Conaway, who has a graduate degree in urban environmental planning and worked in affordable housing development before coming to the restaurant, saw the pieces of a neighborhood on the rise. He and his brother want to help push North Nashville upward after decades of economic decline without handing over property, power and money to white ownership. 

“The funny thing is, amongst the Black community, everyone talks about how there’s nothing to do here for us,” says Kalokoh. “There’s no good Black soul food restaurants, or places you can dance, places where you won’t get shot up. But there actually are — you just don’t go.

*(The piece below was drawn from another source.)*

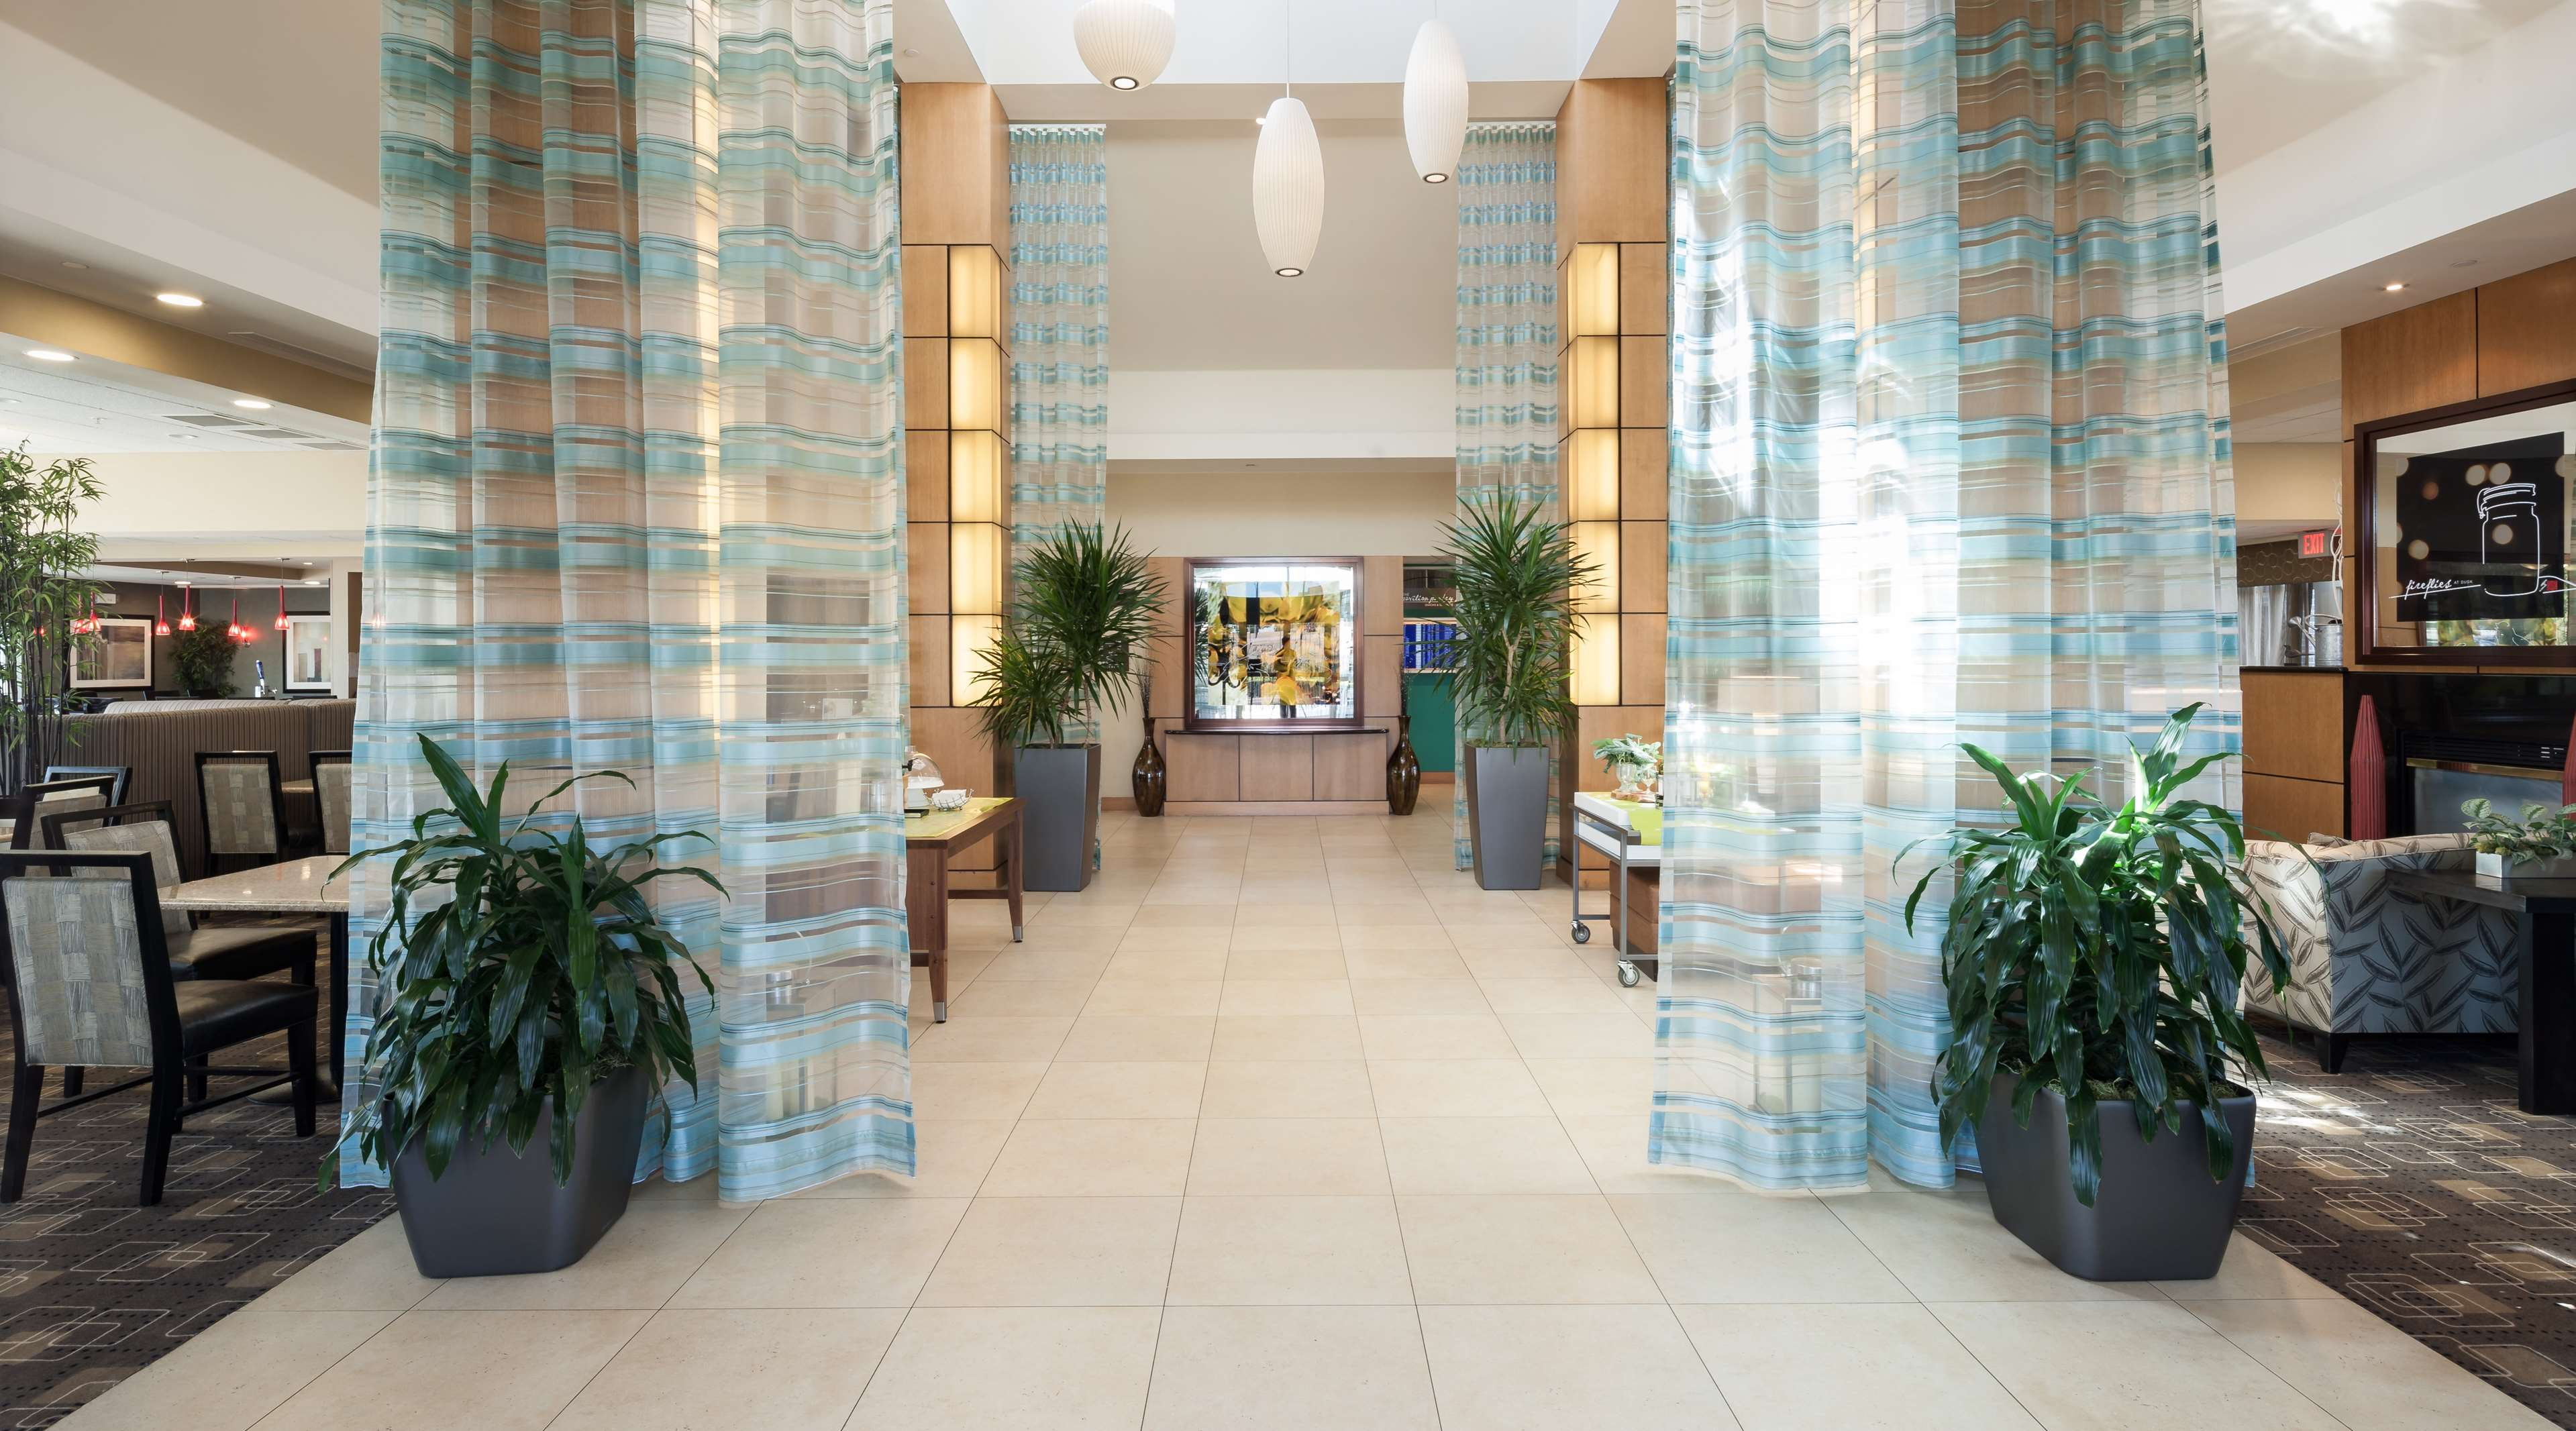 Hilton Garden Inn DFW North Grapevine image 8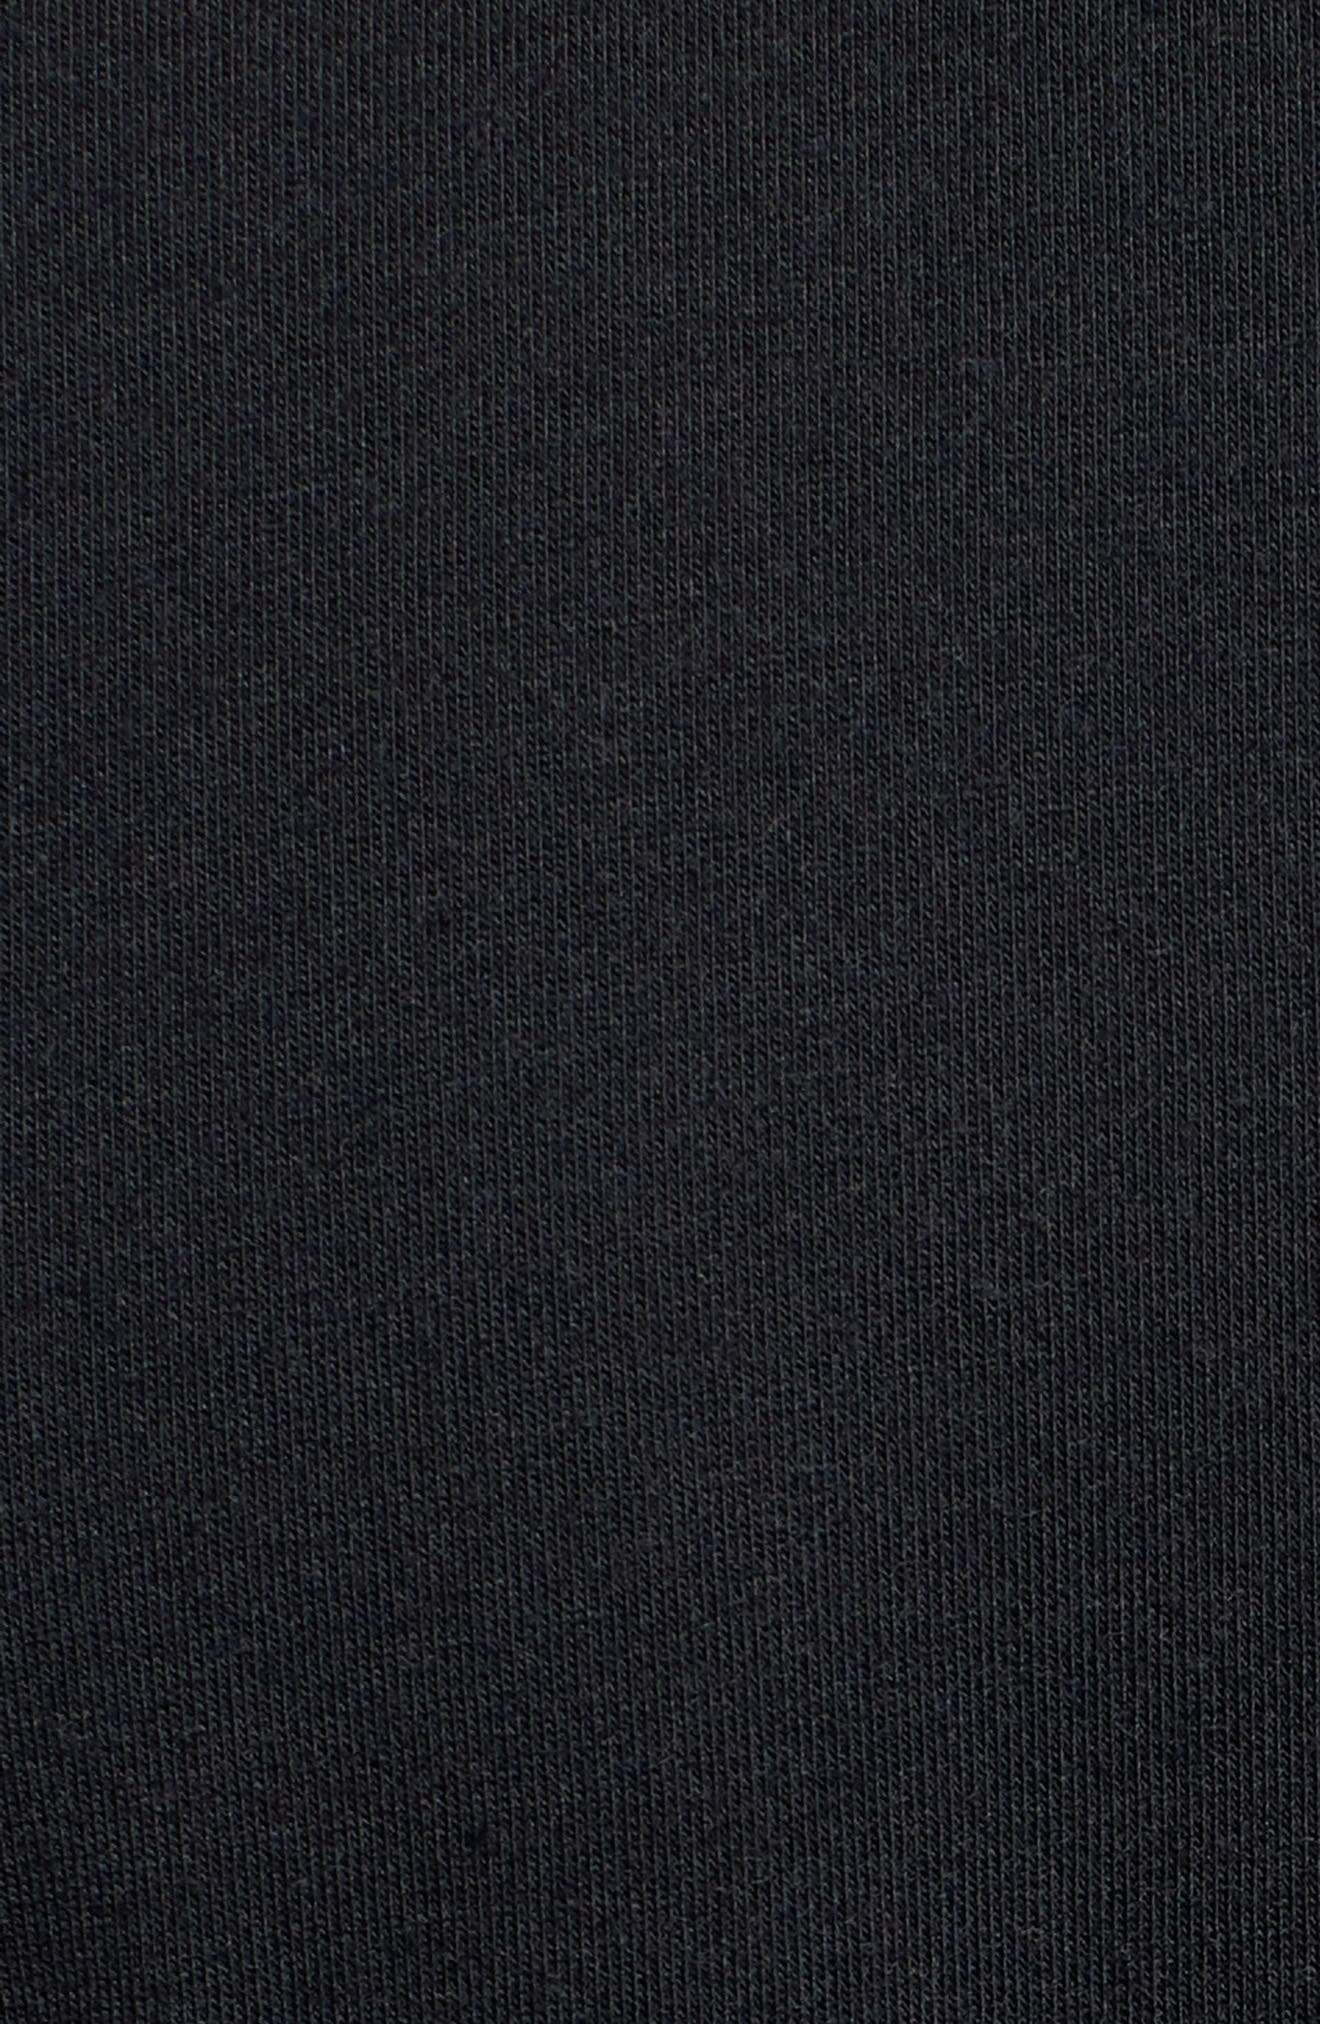 Microthread Swyft V-Neck T-Shirt,                             Alternate thumbnail 5, color,                             BLACK/ BLACK/ REFLECTIVE

You’ve heard about it, but you go somewhere else in Germantown, Salemtown, the Gulch, anywhere else. What I’m hoping for is more Black people from other cities keep moving here and visiting these places, because that’s the only way for Black bars, Black nightlife, Black spots to survive.” 

With Kalokoh’s top-flight culinary résumé and Conaway’s business sense, it doesn’t make sense to them why the restaurant isn’t full during the day and the bar isn’t packed on weekends. They survive on special events, a business bump during Black History Month, catering gigs and orders around Juneteenth. Beyoncé’s Cowboy Carter has led to a noticeable uptick in Black tourism, Kalokoh says, but the backbone of a restaurant — steady sales, a few dozen more customers at lunch, a patio that’s even half-full during happy hour — has failed to materialize. He’s heard the same dire stories from Black restaurant owners across the city, especially after the society-wide push to shop at Black-owned businesses peaked in 2021. 

“Black Nashville, especially youth, they’re proud of being from here — I see it,” says Kalokoh. “But there’s a little bit of delusion, too. If you really want it to be dope, you have to come to these restaurants, go to these art showings — everything that’s Black, you got to be there. If not, it’s just over. Black extinction in Nashville.”